# More car questions (shipping and matriculation)



## BellaLuna (Jun 7, 2008)

Ola,

I am still trying to decide whether to ship my car over to Portugal. I want to make a good decision. I know someone who moved from New Jersey and shipped his car over. He told me that if you own the car for at least 6 months in your home counrty and can provide two years worth of tax documents proving that you worked and lived there that you would not have to pay import tax etc. He recommended bringing the car.

Does anyone know if that is true? Looking around the internet, there is so much mixed information. Some people say it is a good idea to bring the car, some don't think so. It's SO confusing!

The car is a 2007 Honda Civic. Here it cost about $13,000 and I bought it about 6 months ago. It's a really nice little car and I would really like to bring it over, but not if it's going to be a crazy ordeal.

If I do ship it over...does anyone know about how much import duty they will charge when I pick it up at the cargo ship docks? And does that vary by country...like would it be cheaper to ship it to a different country and drive it to Portugal?

I hope I'm not driving anyone crazy with all these questions....and I am very grateful for anyones advice!  Muito obrigagda!

Christina


----------



## silvers (Sep 22, 2008)

Hi Christina,
I am not certain about your particular details, all I can say is if you import a car from another European country, you have to have owned that vehicle for over 12 months.


----------



## Bevdeforges (Nov 16, 2007)

No matter where you ship it to, you'll be liable for import taxes and duties based on the country in which you are taking up residence. The main thing is usually VAT - which you need to prove you have paid. Coming from the US may be a problem, since the US has no VAT (like sales tax, but the two aren't considered comparable for import purposes, as far as I know). Then, too, you have to meet the Portuguese requirements for registering your car. That can involve replacing some equipment - often the windshield and sometimes the lights, due to somewhat different safety standards.

The other big factor to check is the availability of parts for a 2007 Honda Civic in Portugal. Car models are not always the same between countries, and parts for a European Honda Civic may not be entirely compatible with one made for the US market. (Check with Honda for more information on this.)
Cheers,
Bev


----------



## BellaLuna (Jun 7, 2008)

Well, if you already own the car and were just bringing it over there, why would you have to pay VAT on it? :confused2:

I will call the Portuguese Consulate tomorrow and hear what they have to say about it. I e-mailed them like 3 times but didn't hear back from them so I will just do it the old fashioned way!
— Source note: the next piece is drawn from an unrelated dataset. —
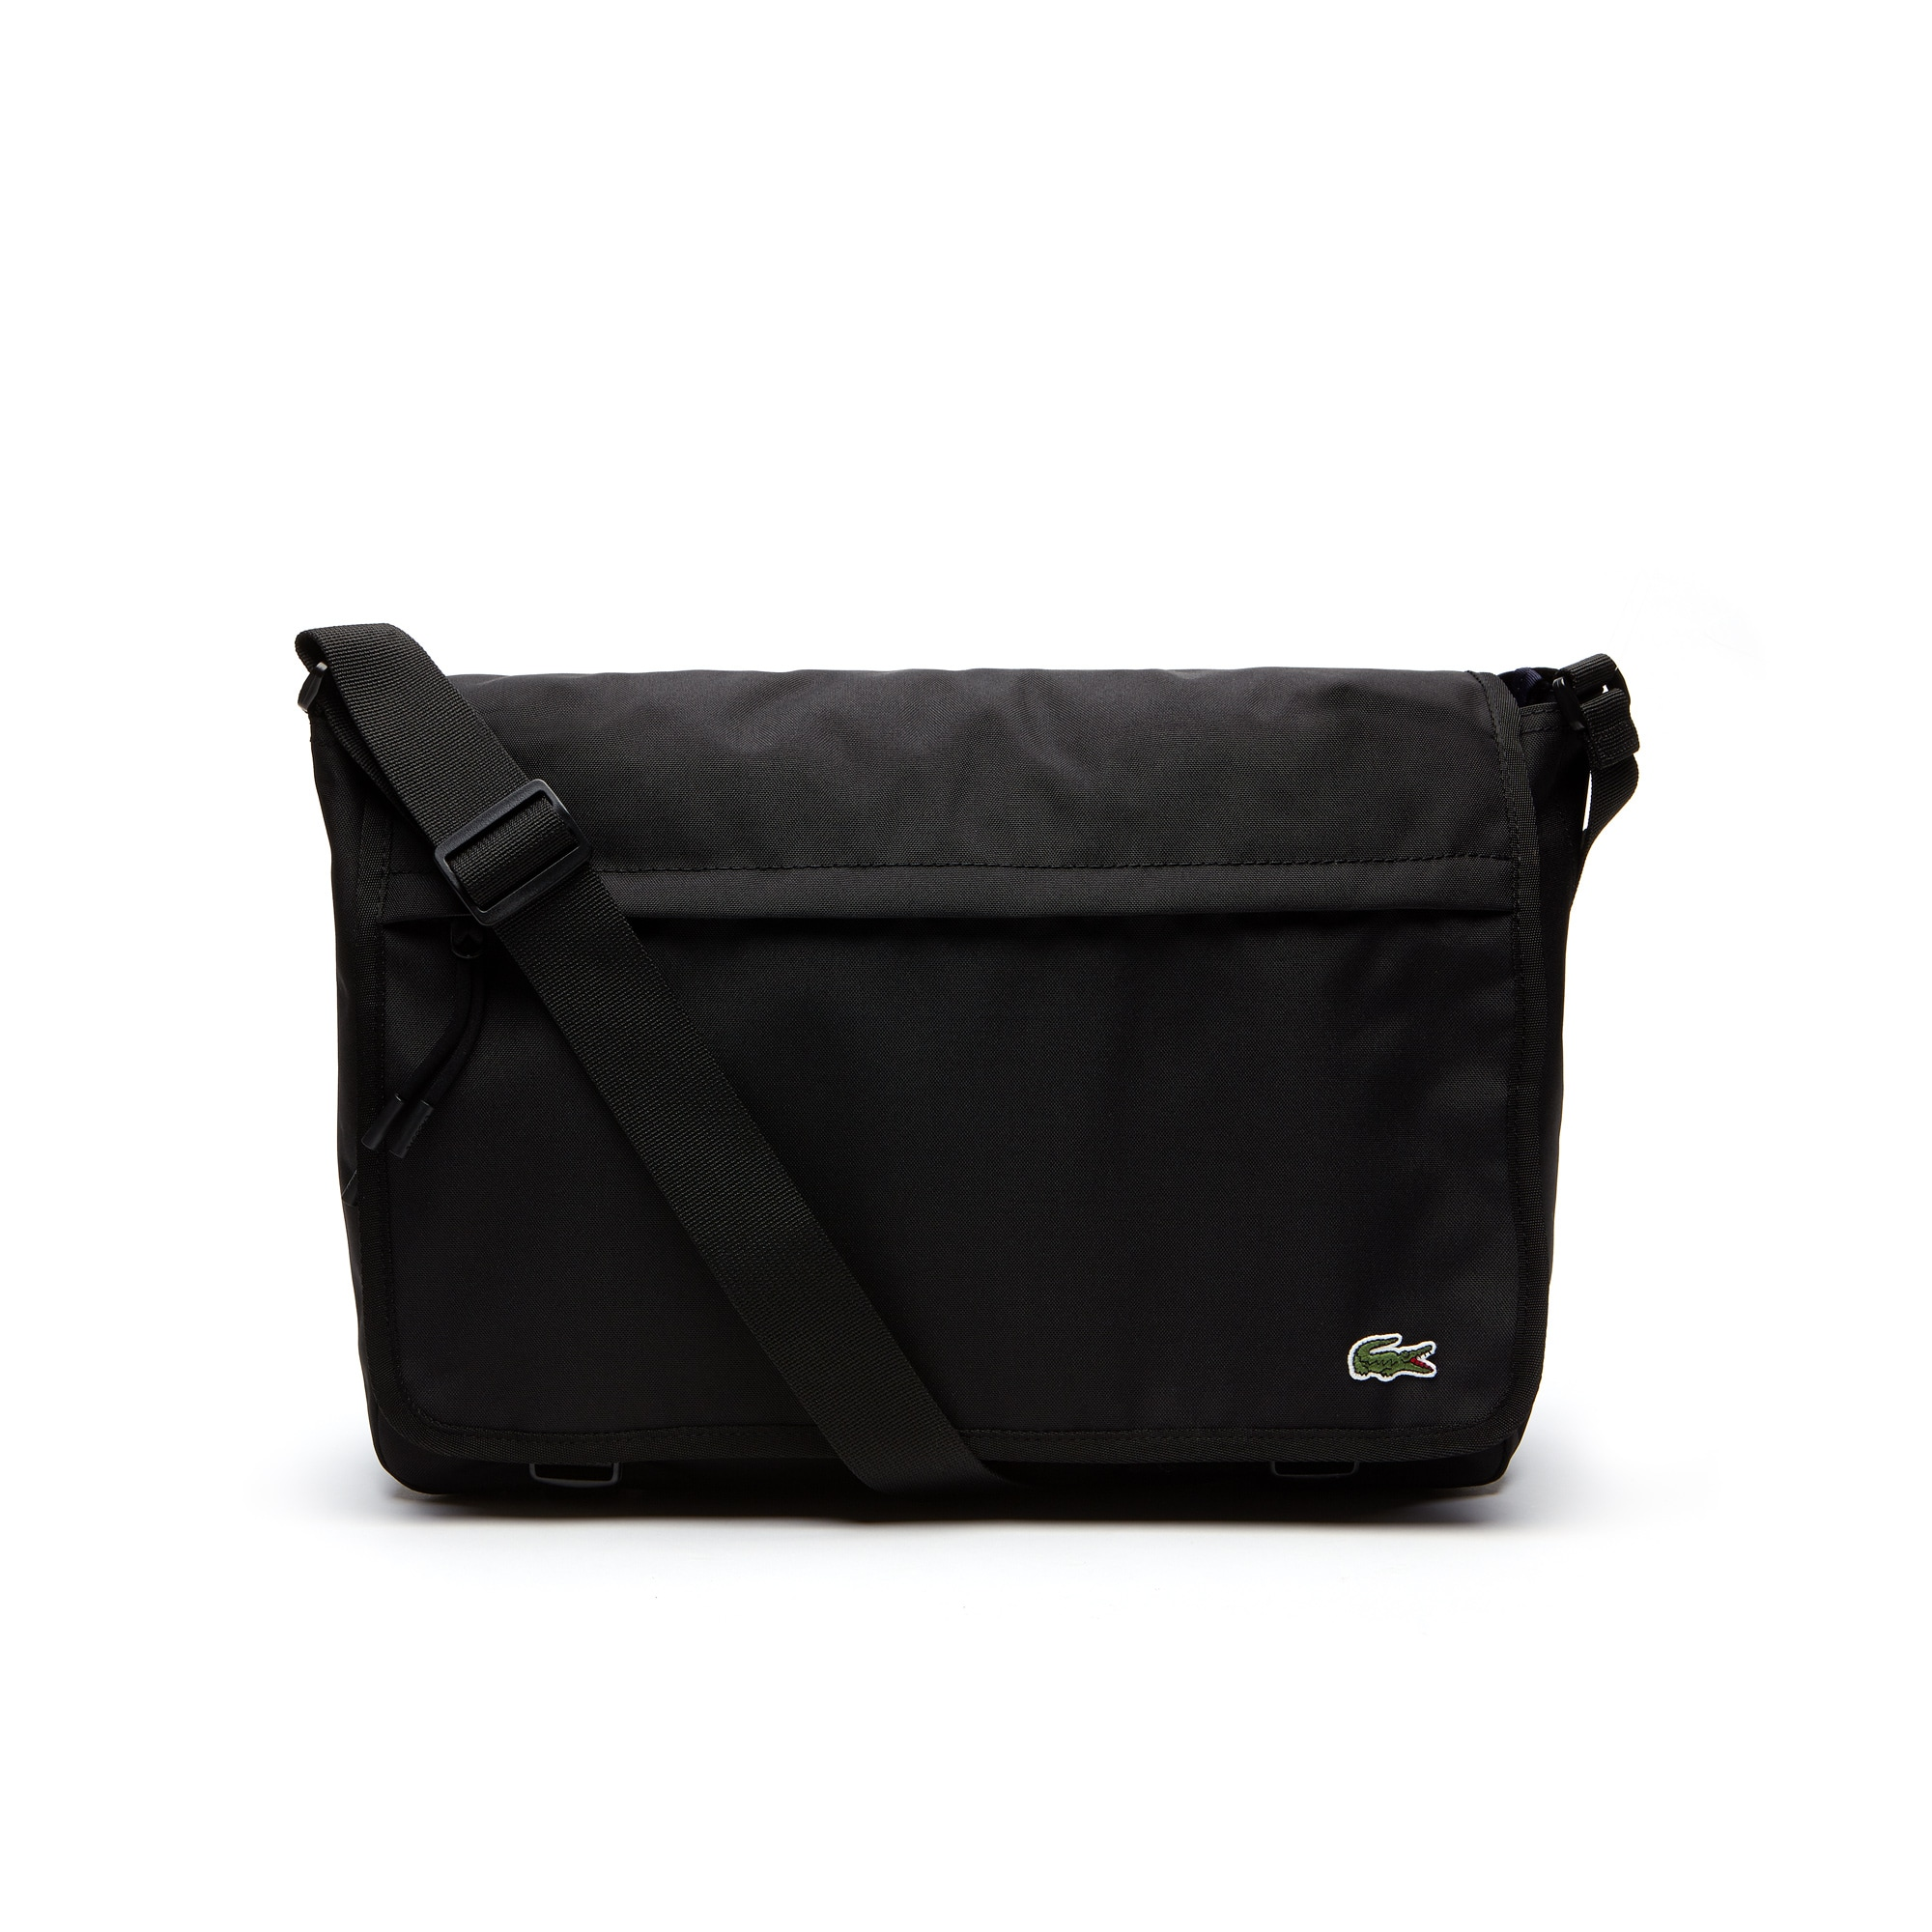 Men's Néocroc Canvas Flap Bag

I will also check into parts compatibility of European Hondas and American Hondas.

Thanks!


----------



## Bevdeforges (Nov 16, 2007)

BellaLuna said:


> Well, if you already own the car and were just bringing it over there, why would you have to pay VAT on it? :confused2:


VAT is a strange sort of tax. Normally, on import, you only have to pay on those things you have "recently" acquired (like within the last year). With cars, however, some countries are pickier and want to see that VAT was paid on the original sale of the vehicle when new - something you can't prove if the car is coming from a non-VAT country like the US. 
Cheers,
Bev


----------